### Dataset content
□ □ □ □
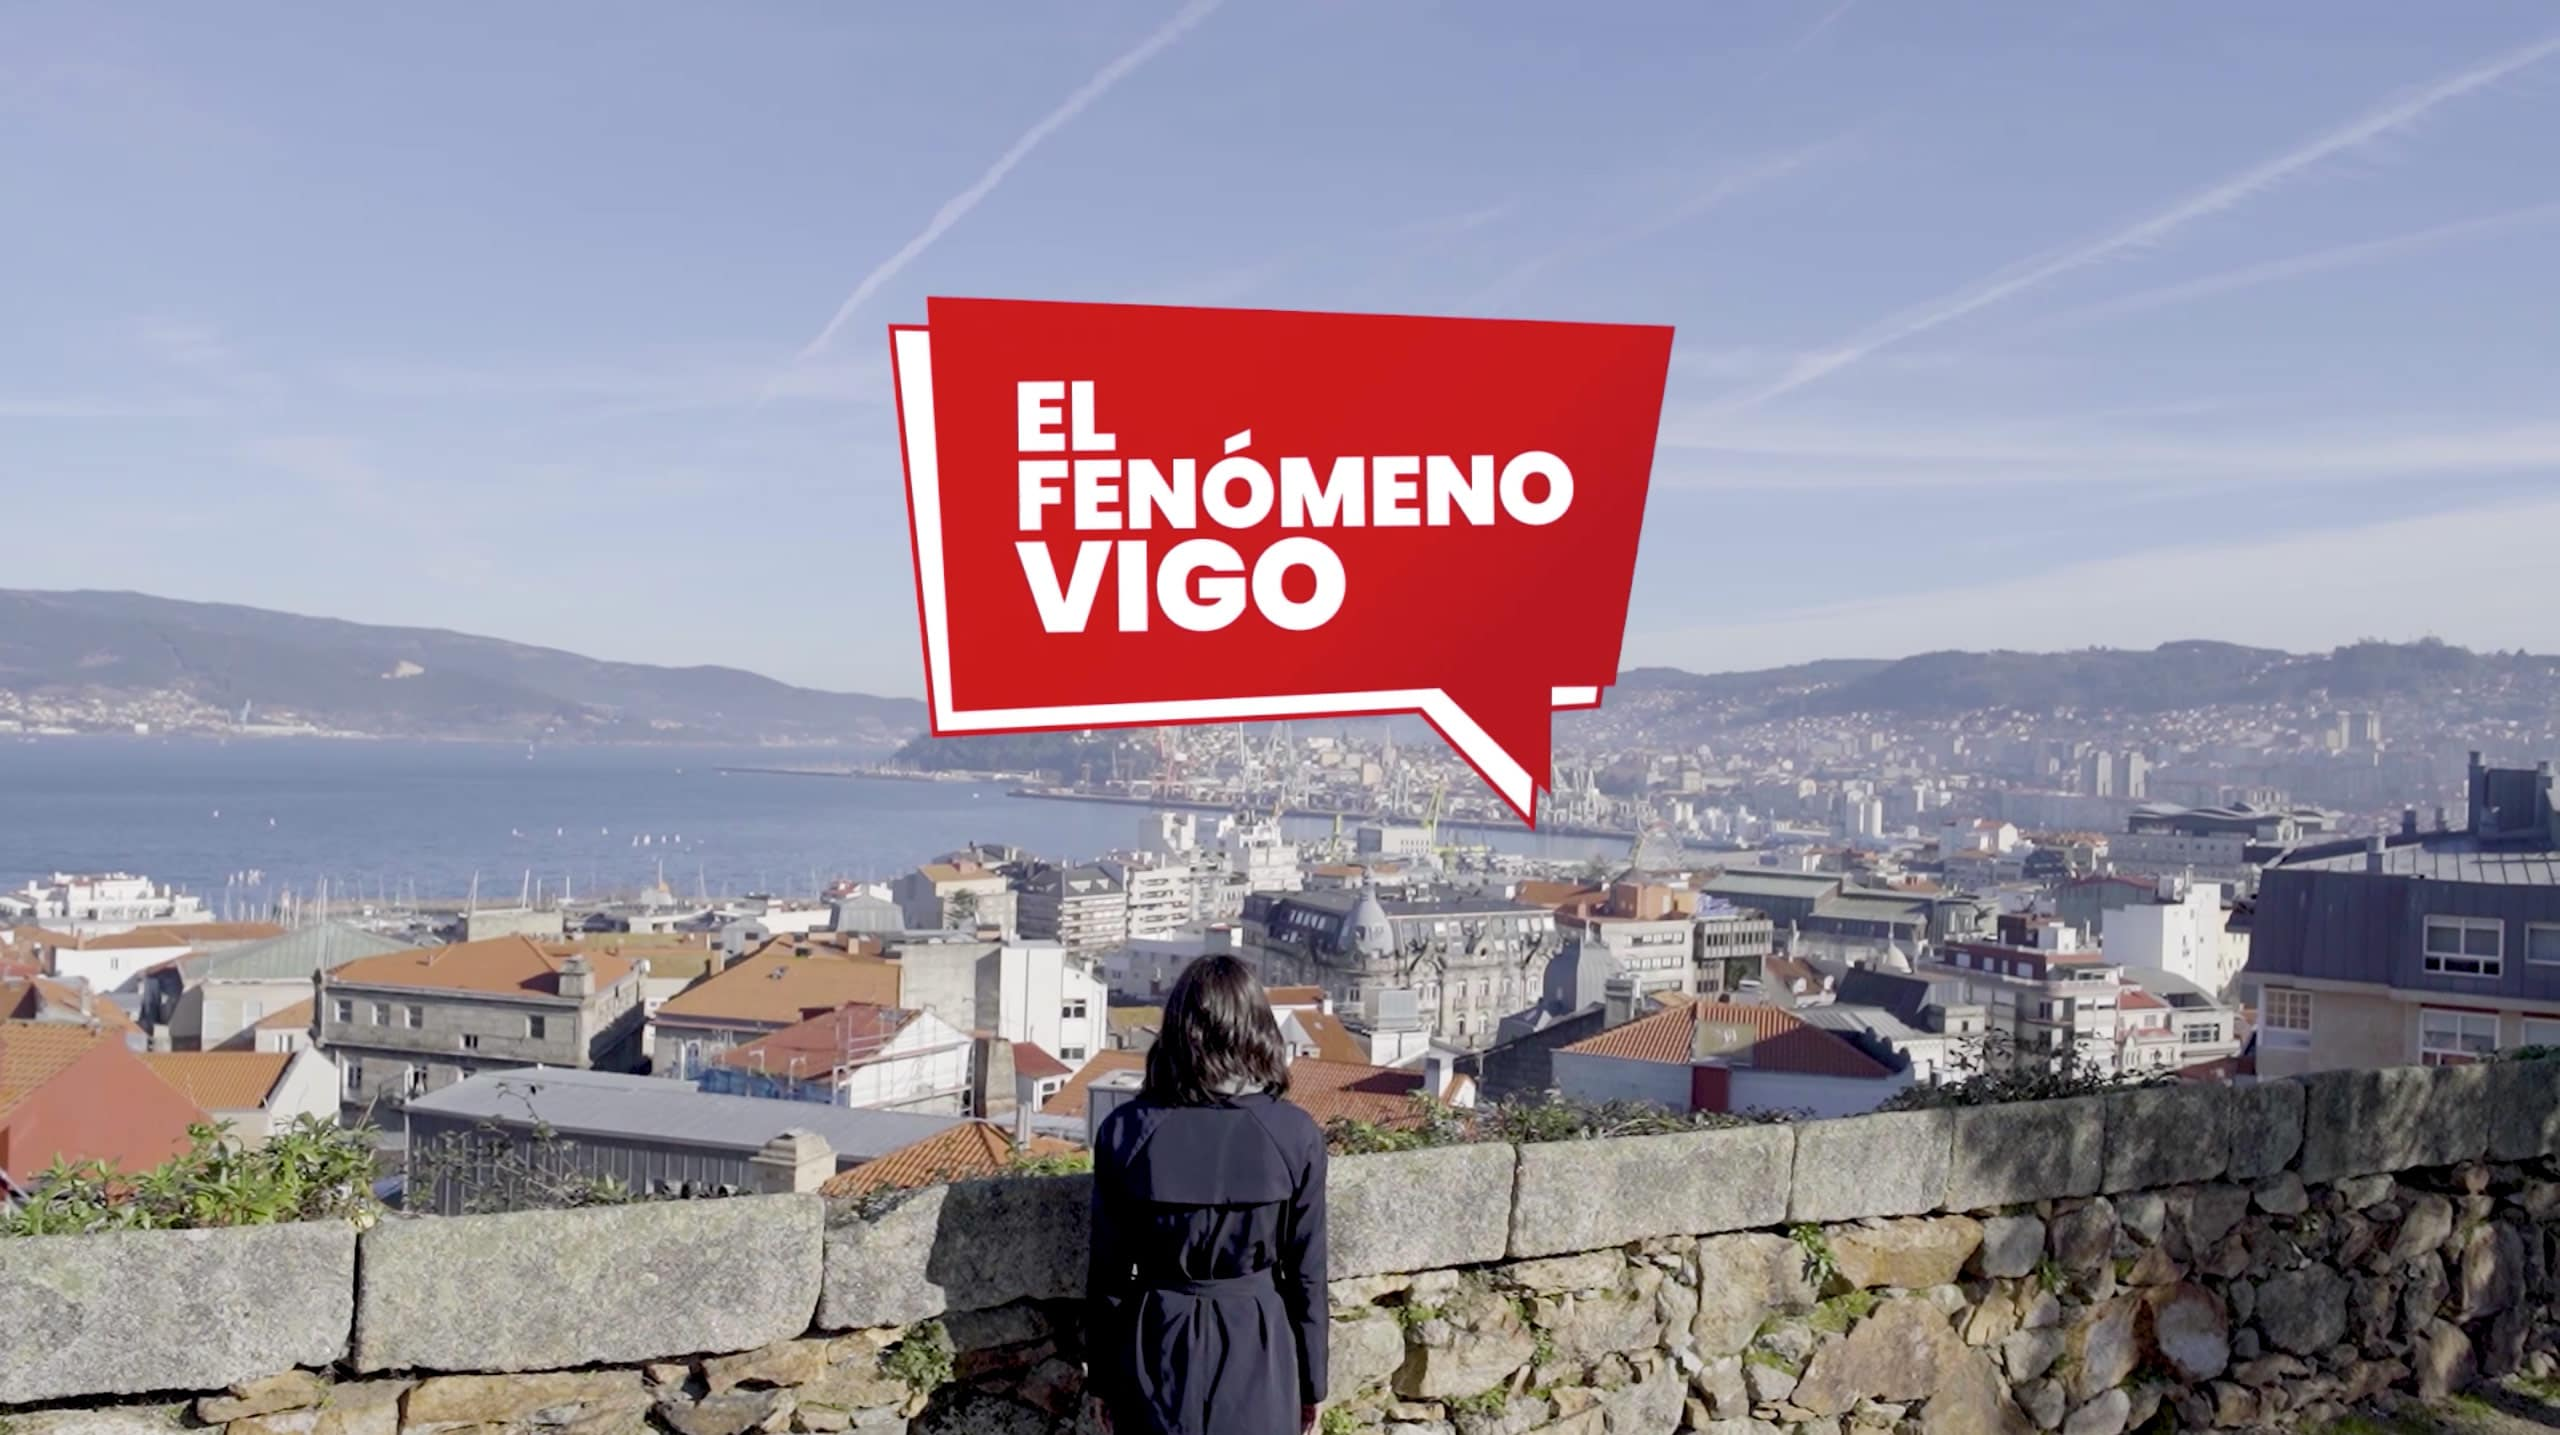 El fenómeno Vigo
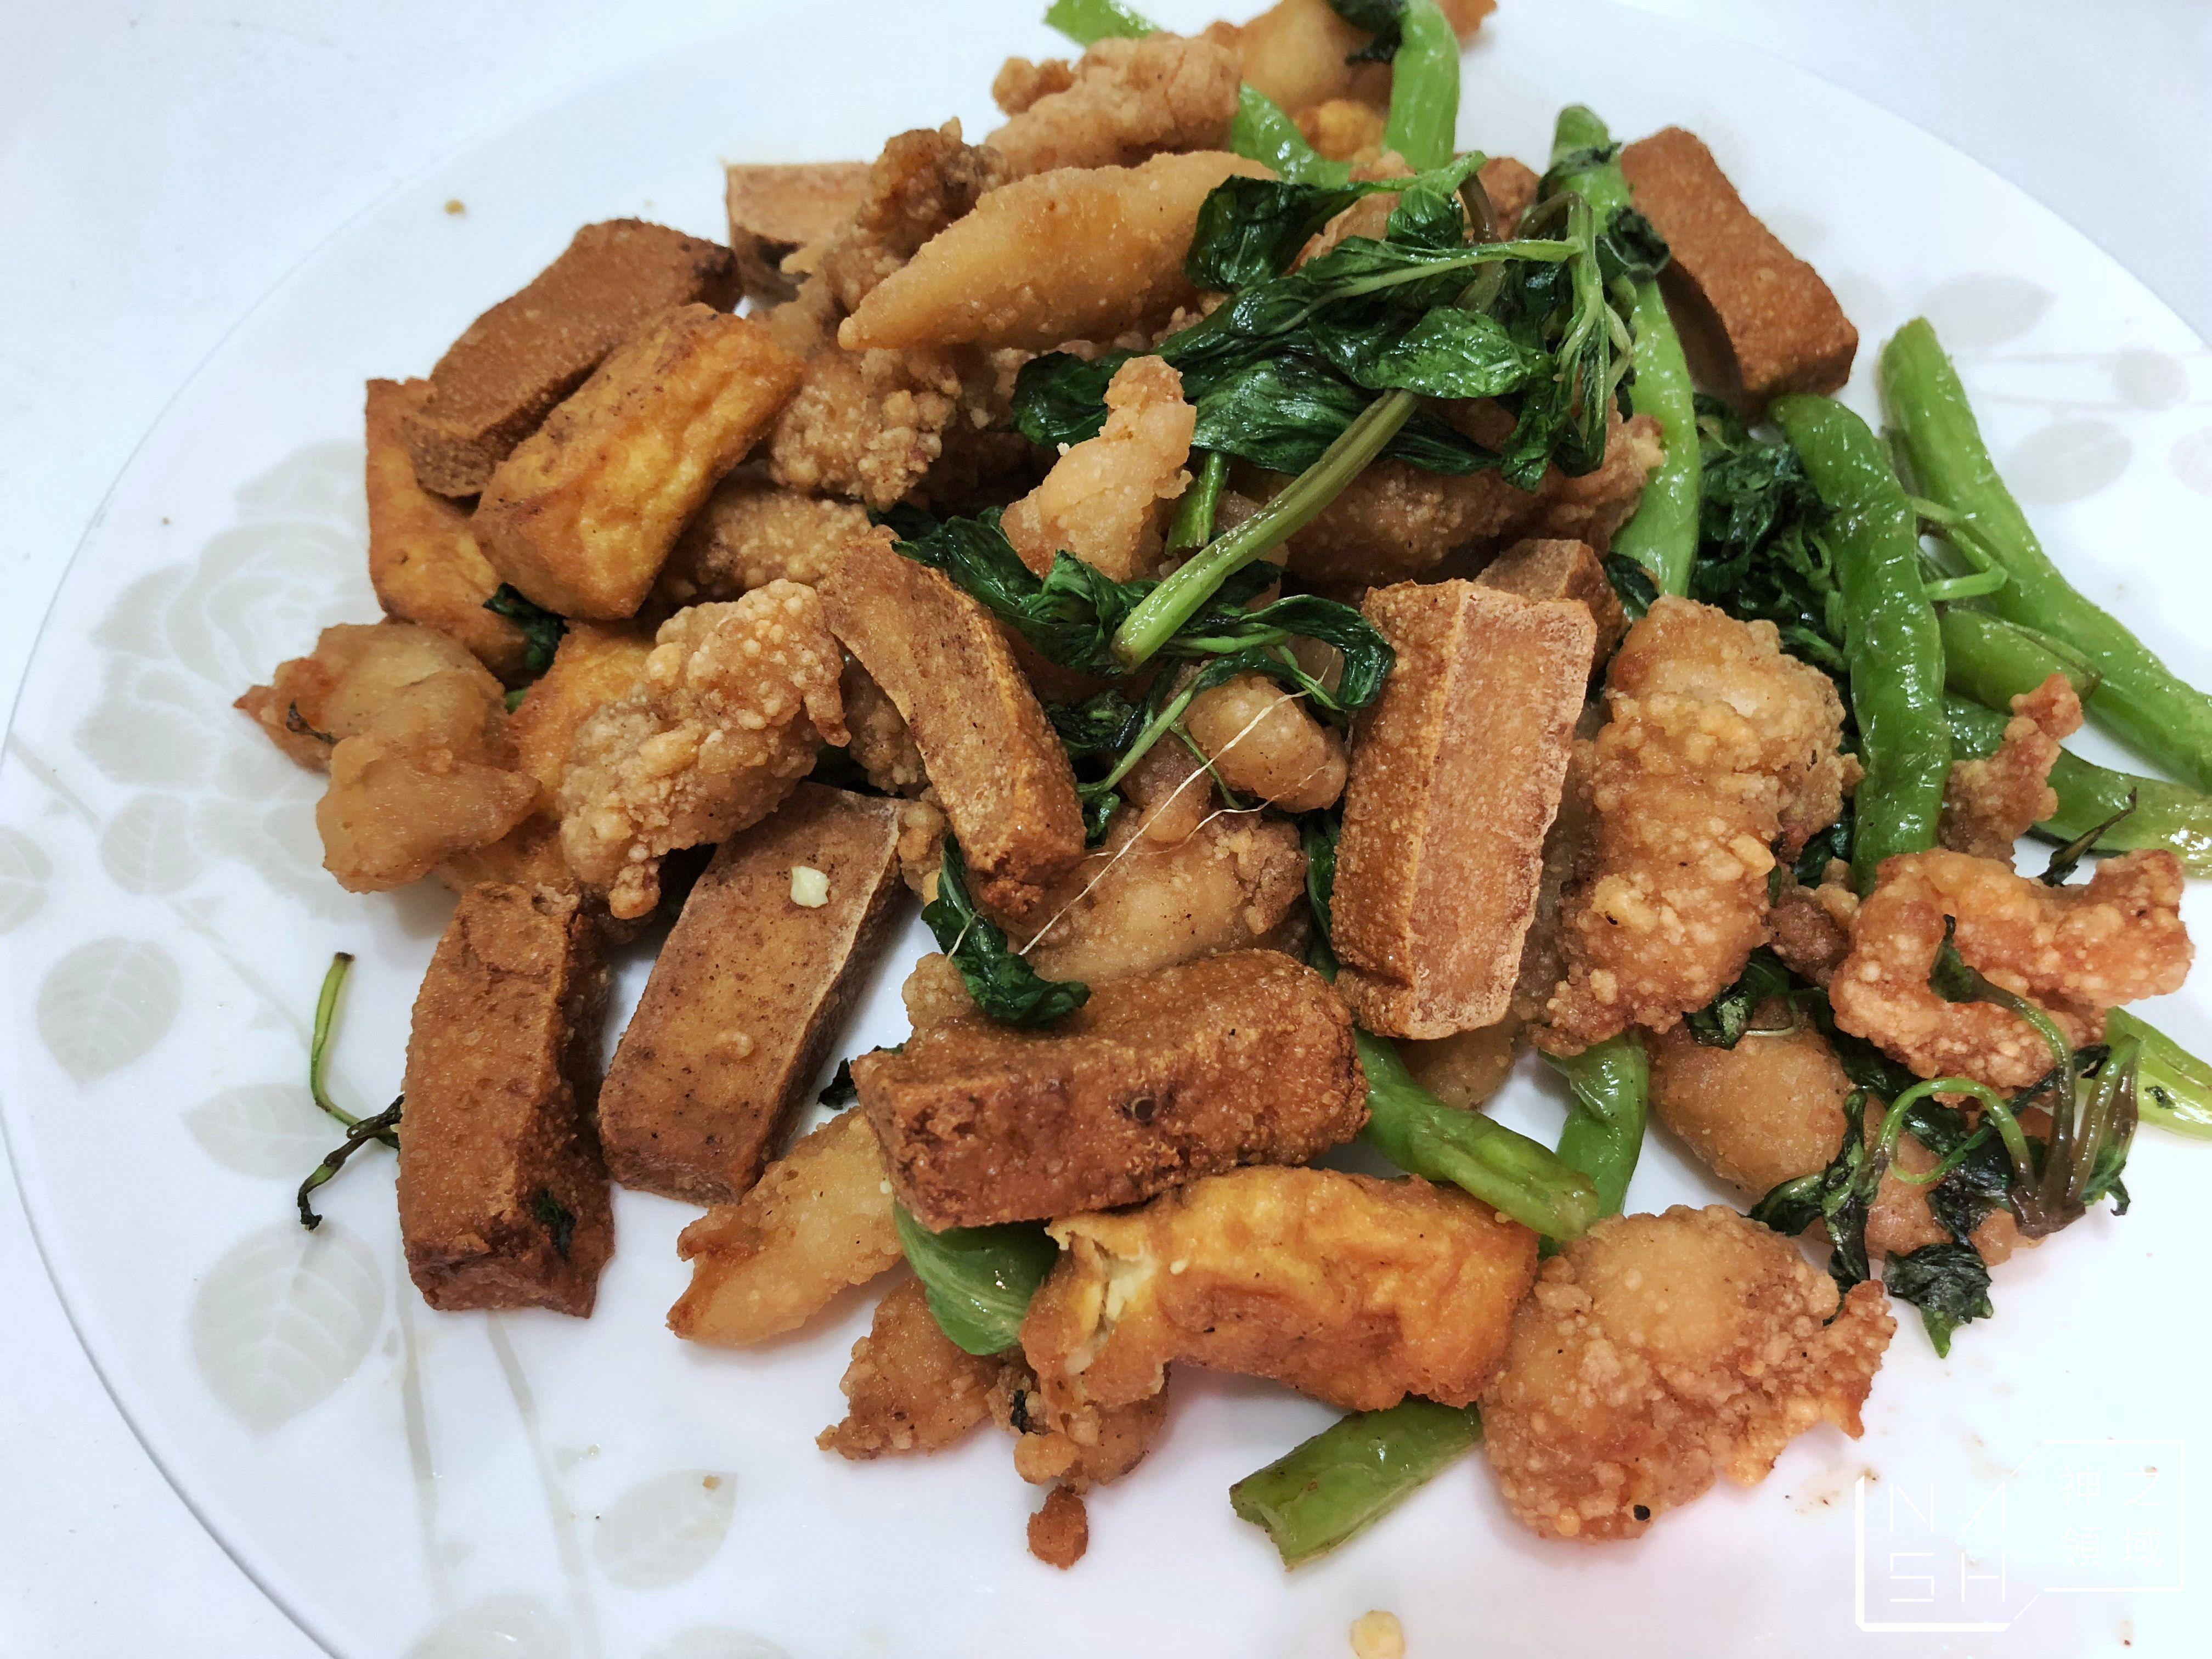 三街巷鹹酥雞,士林捷運站美食,士林鹽酥雞 @Nash,神之領域
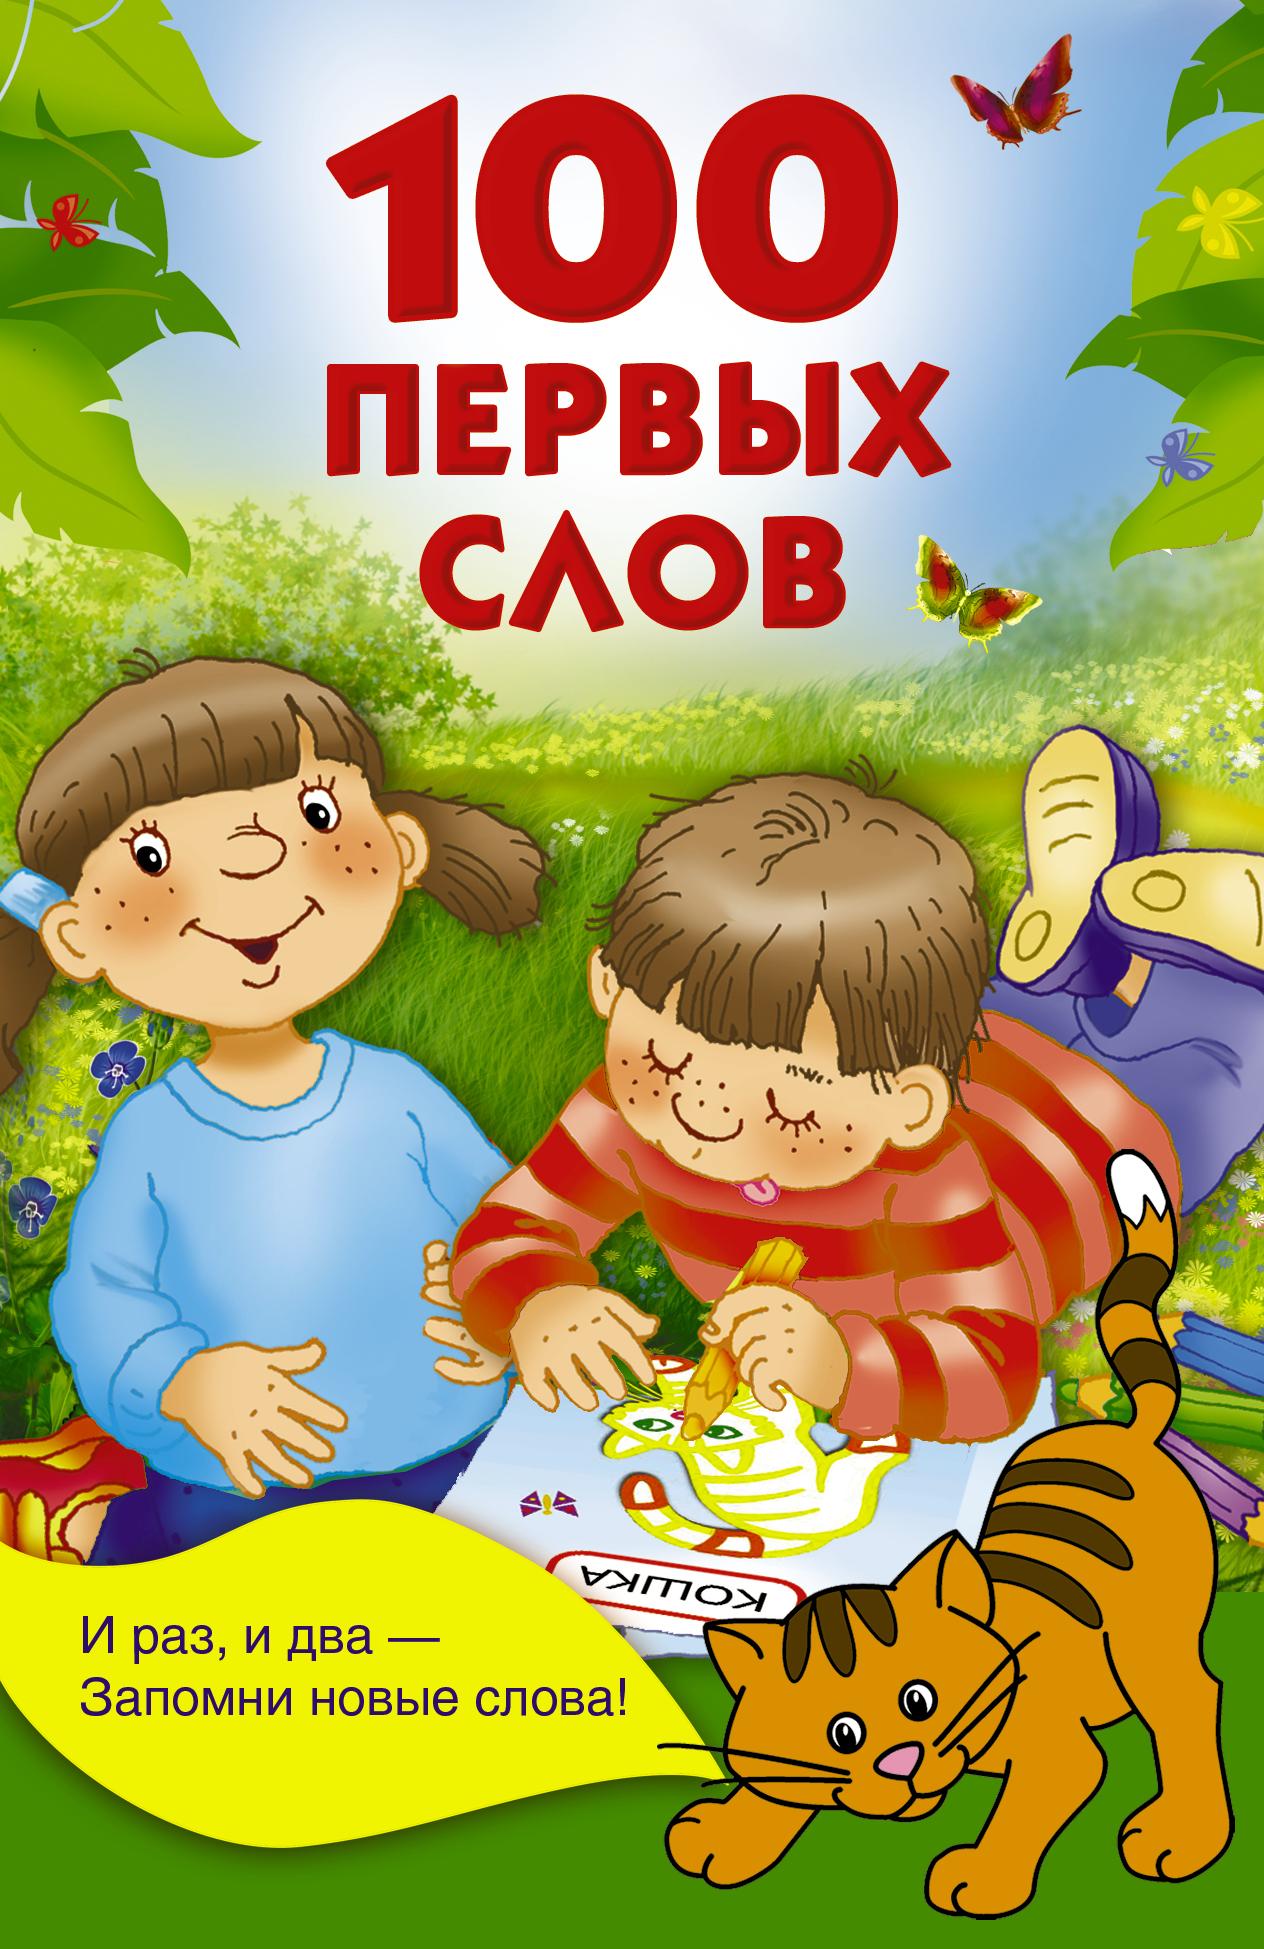 Дмитриева В.Г. 100 первых слов третьякова а и моя книга первых слов
□ □ □ □
Reprint the listing above verbatim but drop the images.

### Your response
 El fenómeno Vigo
 三街巷鹹酥雞,士林捷運站美食,士林鹽酥雞 @Nash,神之領域
 Дмитриева В.Г. 100 первых слов третьякова а и моя книга первых слов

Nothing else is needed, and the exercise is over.